**The data:**
^^^^^^^^^^^^^^^^

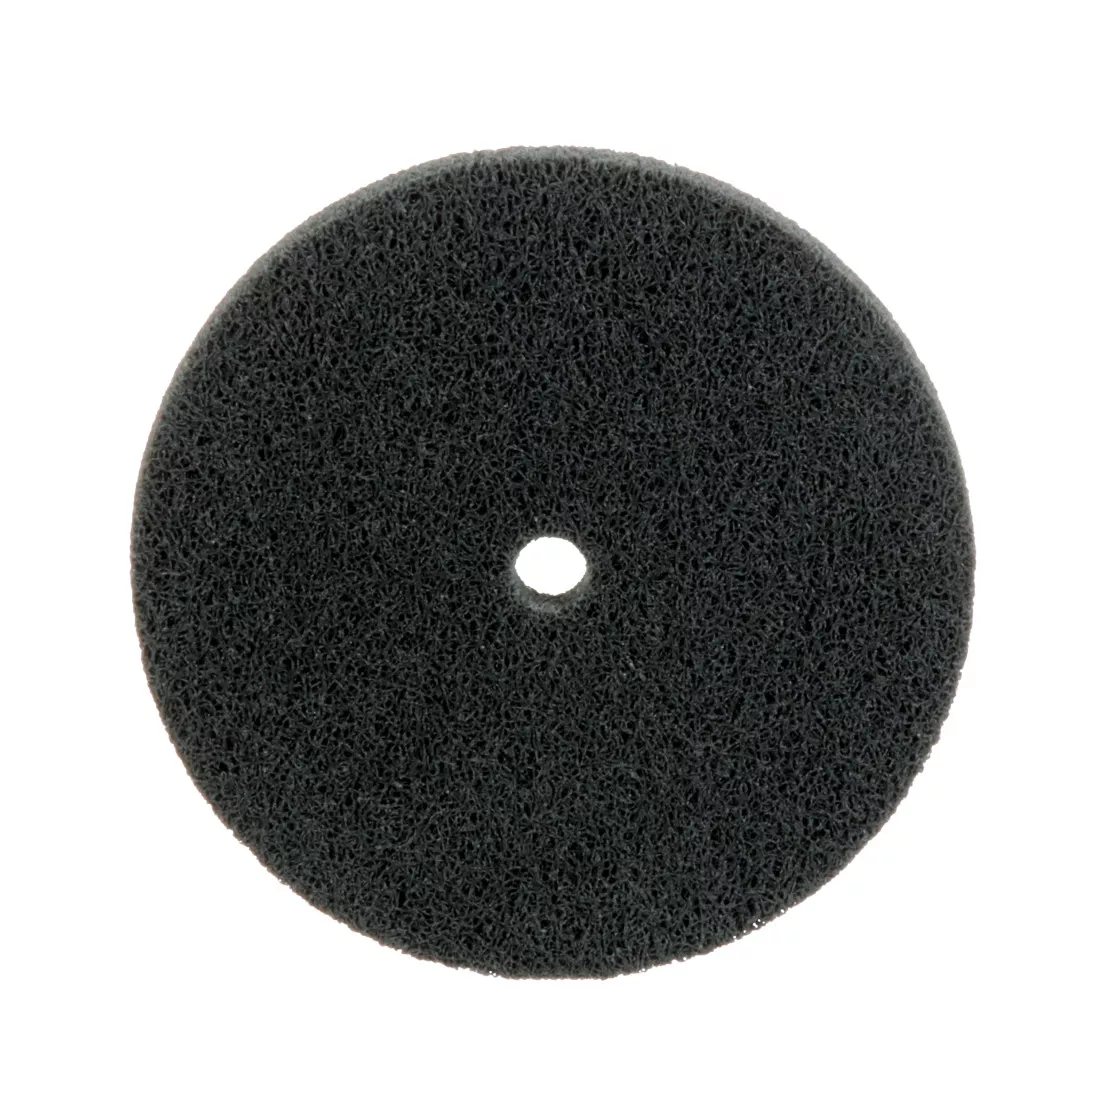 Standard Abrasives™ S/C Unitized Wheel 863235, 632 3 in x 1/4 in x 1/4
in, 10 ea/Case
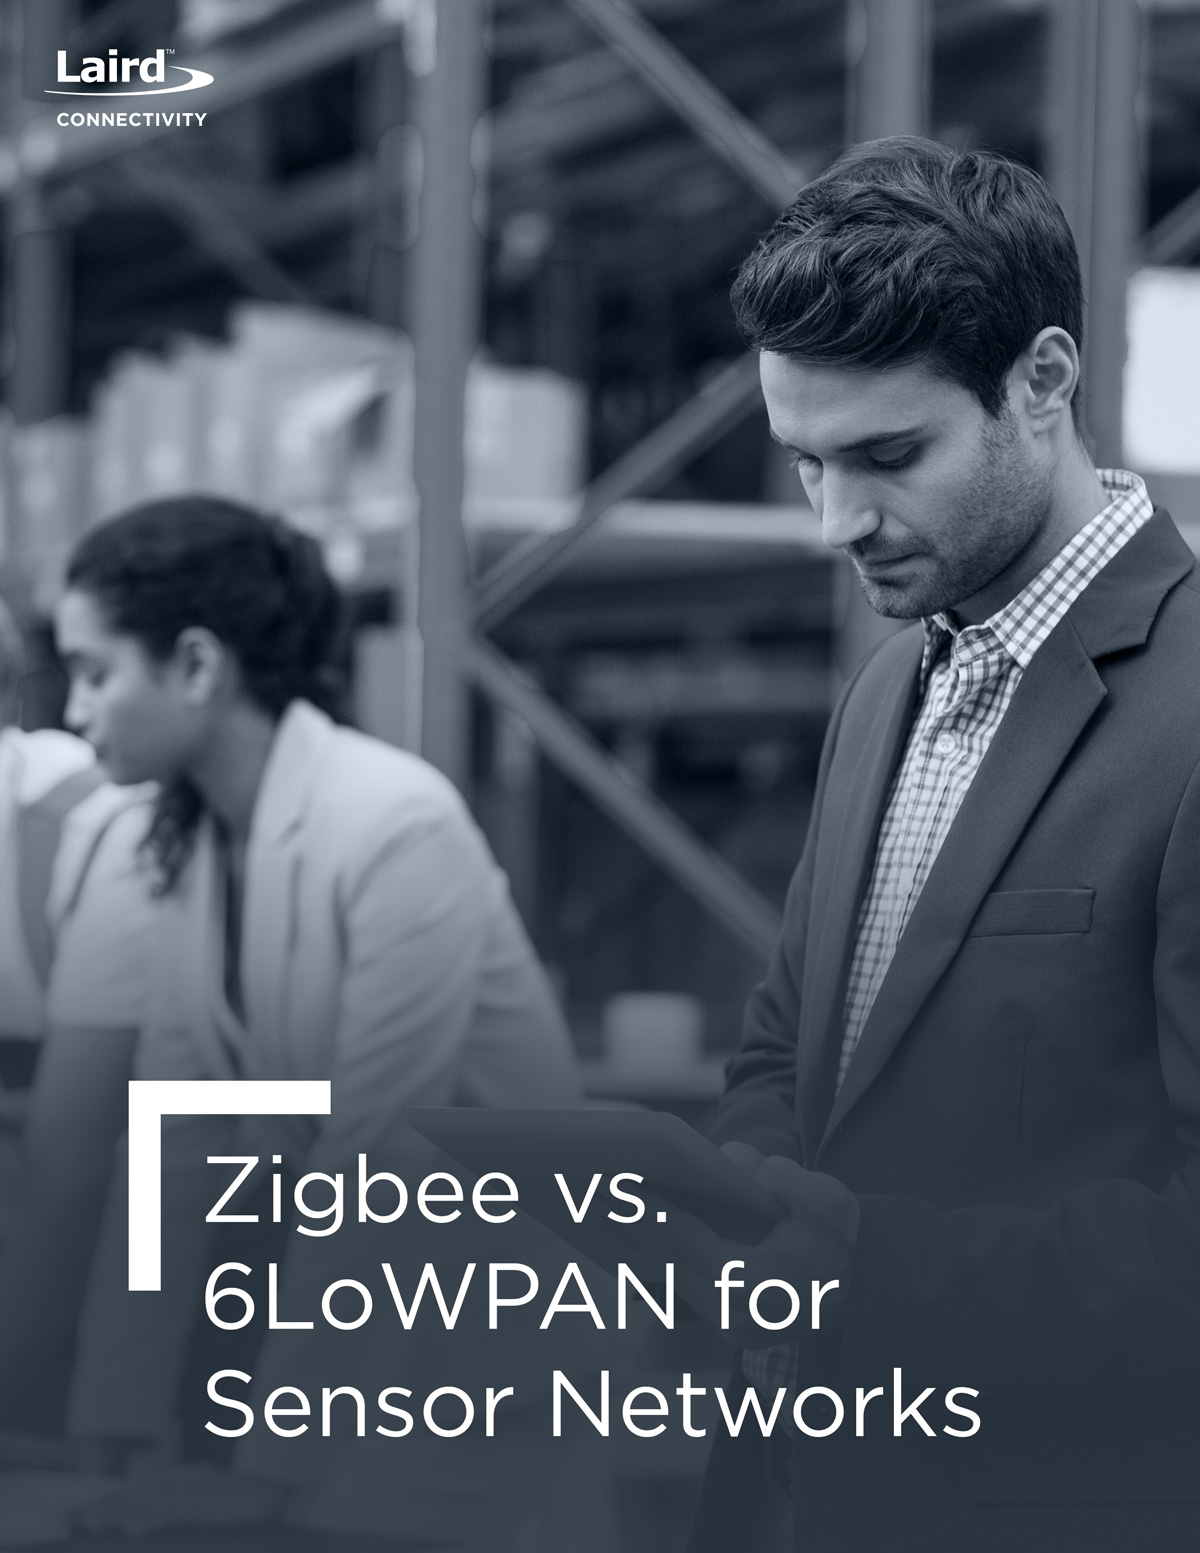 Zigbee vs. 6LoWPAN for sensor networks

^^^^^^^^^^^^^^^^

**Problem to work on:** Output all the material above exactly once more, leaving every picture out.

**Response:**
 Standard Abrasives™ S/C Unitized Wheel 863235, 632 3 in x 1/4 in x 1/4
in, 10 ea/Case
 Zigbee vs. 6LoWPAN for sensor networks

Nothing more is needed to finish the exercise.